薬草自体は日当たりの良いところに生えるため、街道付近の草原にポツポツ群生がある。根こそぎ取らないよう気をつけながら回収する。
遠くからなにかが走ってくる音がする。
「逃げろ!」
この声は、赤髪のリチャードのものだ。立ち上がり、声のする方を見る。
「やべえのがいた! 逃げろ!」
リチャードの他にウィリアムとあと女の子が二人。こっちに向かって走ってきている。街道沿いに逃げてきたのだろうが、そのまま逃げ続けるとクーゲルの街にその『やべえの』を引っ張っていくことになるだろう。

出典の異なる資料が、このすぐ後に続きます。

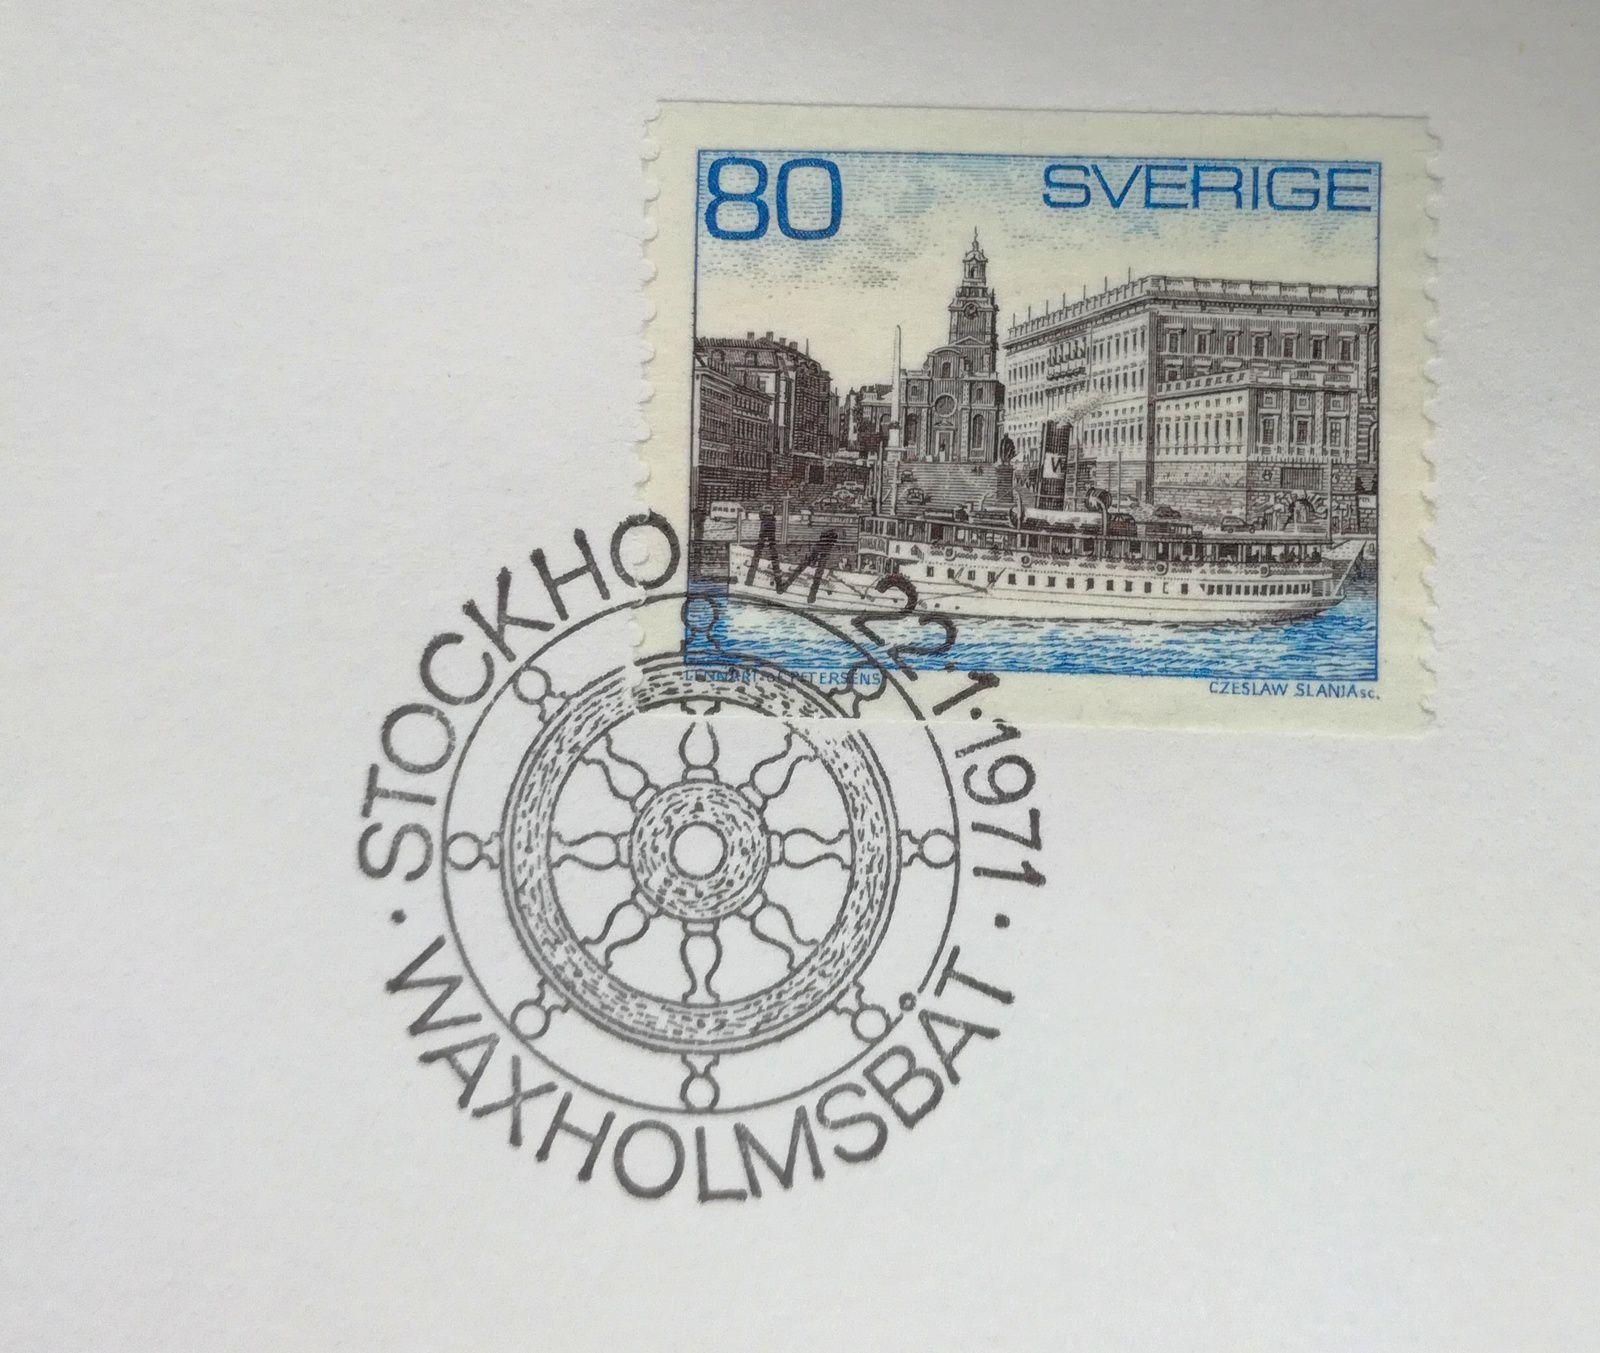 FDC : Waxholms Ångfartygs AB
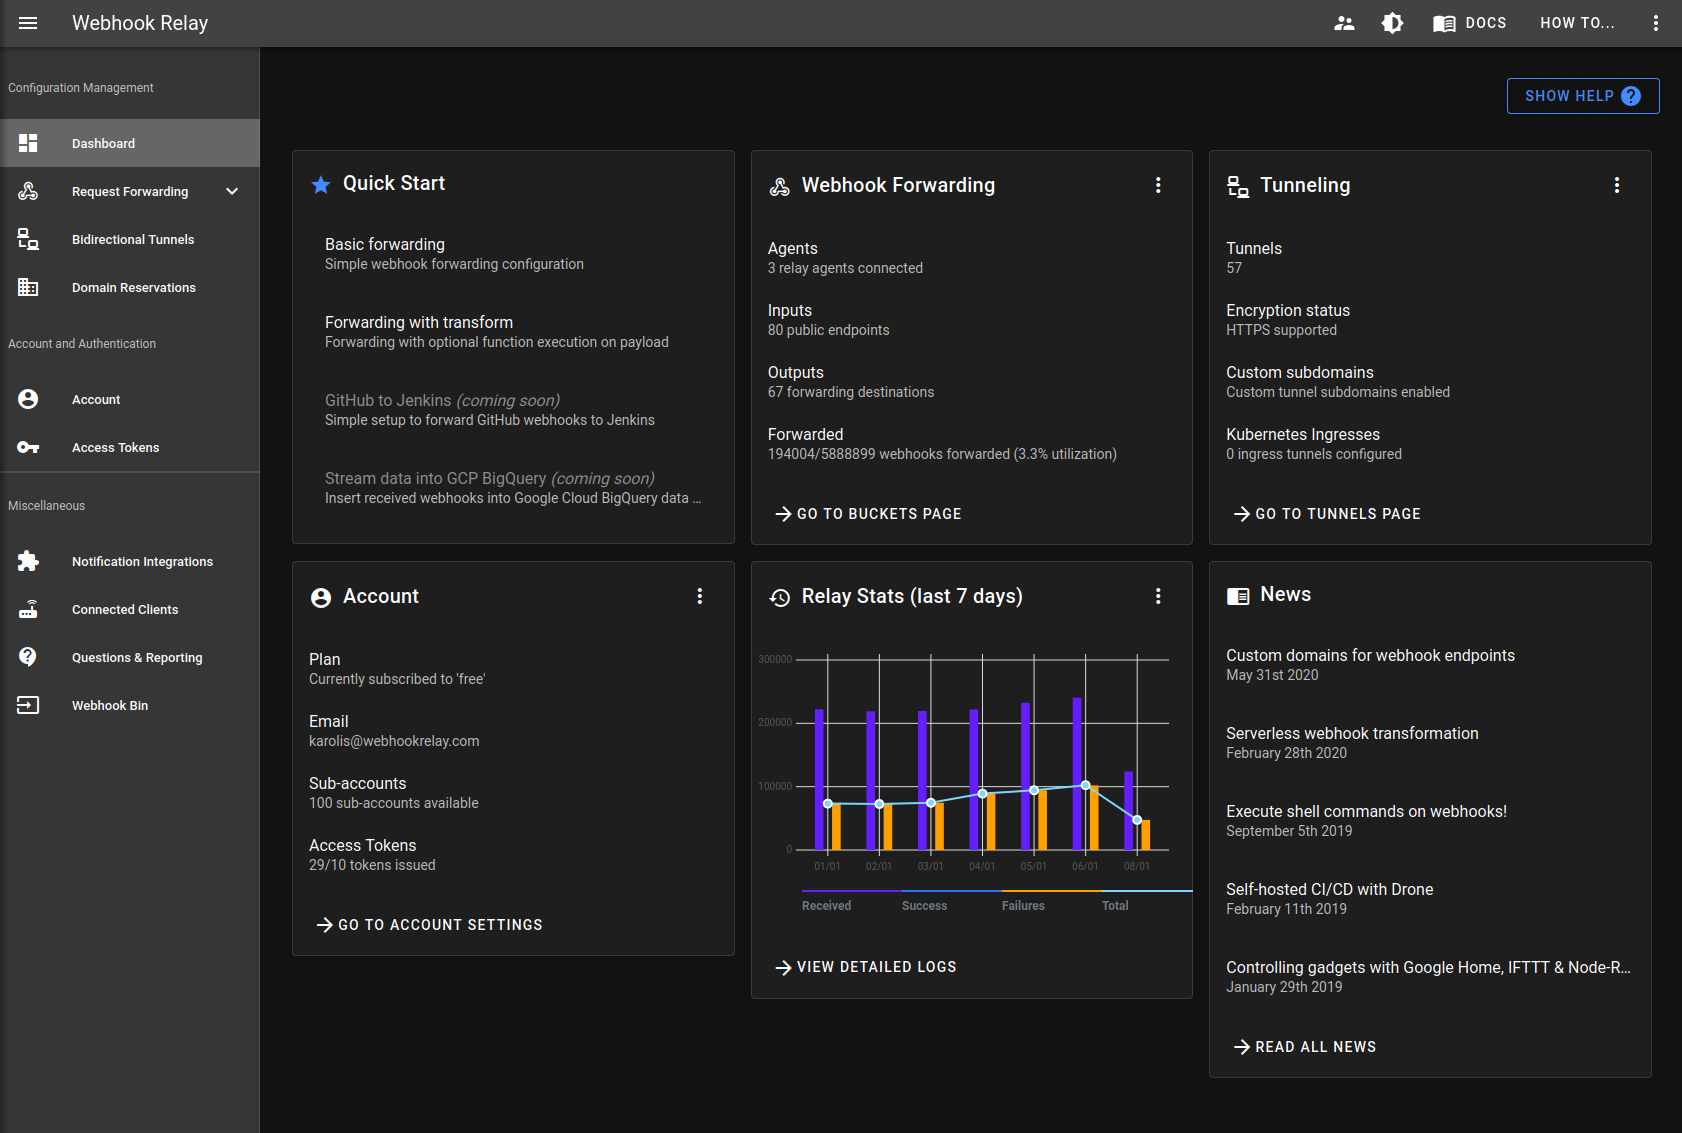 Webhook Relay dashboard

派手な土煙を上げているなにかがいる。眼帯を上げて見る。
――――
ガーグ
称号
同族喰らい
将軍
職業
剣師
拳師
戦闘力評価
2541
装備品
『骨断つ悪夢』血みどろの鉈
『斬撃殺し』悪夢の鎧
――――
眼帯を戻す。ディルファを抜く。
戦闘力評価は高いが、私のようにオーバーフローはしていない。そもそも人型相手ならば負ける気はしない。
「状況開始」
〈魂を、唄を捧げよ〉
《強化レベル10。防護円環展開》
体の動きが気持ち悪い。なんだこれは。
《強化キャンセルします》
普通に戻った。ナイフを軽く握り、構える。
私の背は180cmほど。それよりも頭ひとつ大きい。体の幅と厚みなら2.5倍はあるだろうそれは立ち止まり、私を睨みつけている。右手には信じられないサイズの鉈が握られていた。
左手を突き出し、人差し指をクイクイと二回曲げてかかってこいと挑発する。
オークは怒りの咆哮。
「バカかおっさん! 逃げろ!」
後ろから赤髪の声が聞こえた。律儀なものだ。
「気にするな。お前たちこそ逃げておけ」
オークから視線を切らさずそう告げる。
「くっ……なるべく早く助けを呼んでくる。それまで持ちこたえてくれ」
オークの斬撃をディルファで横へ払う。思ったほどは重くない。
「ああ、頼んだ。受け流すだけならどうにかできるようだ」
軽く受け流されたからか、更にオークは激昂する。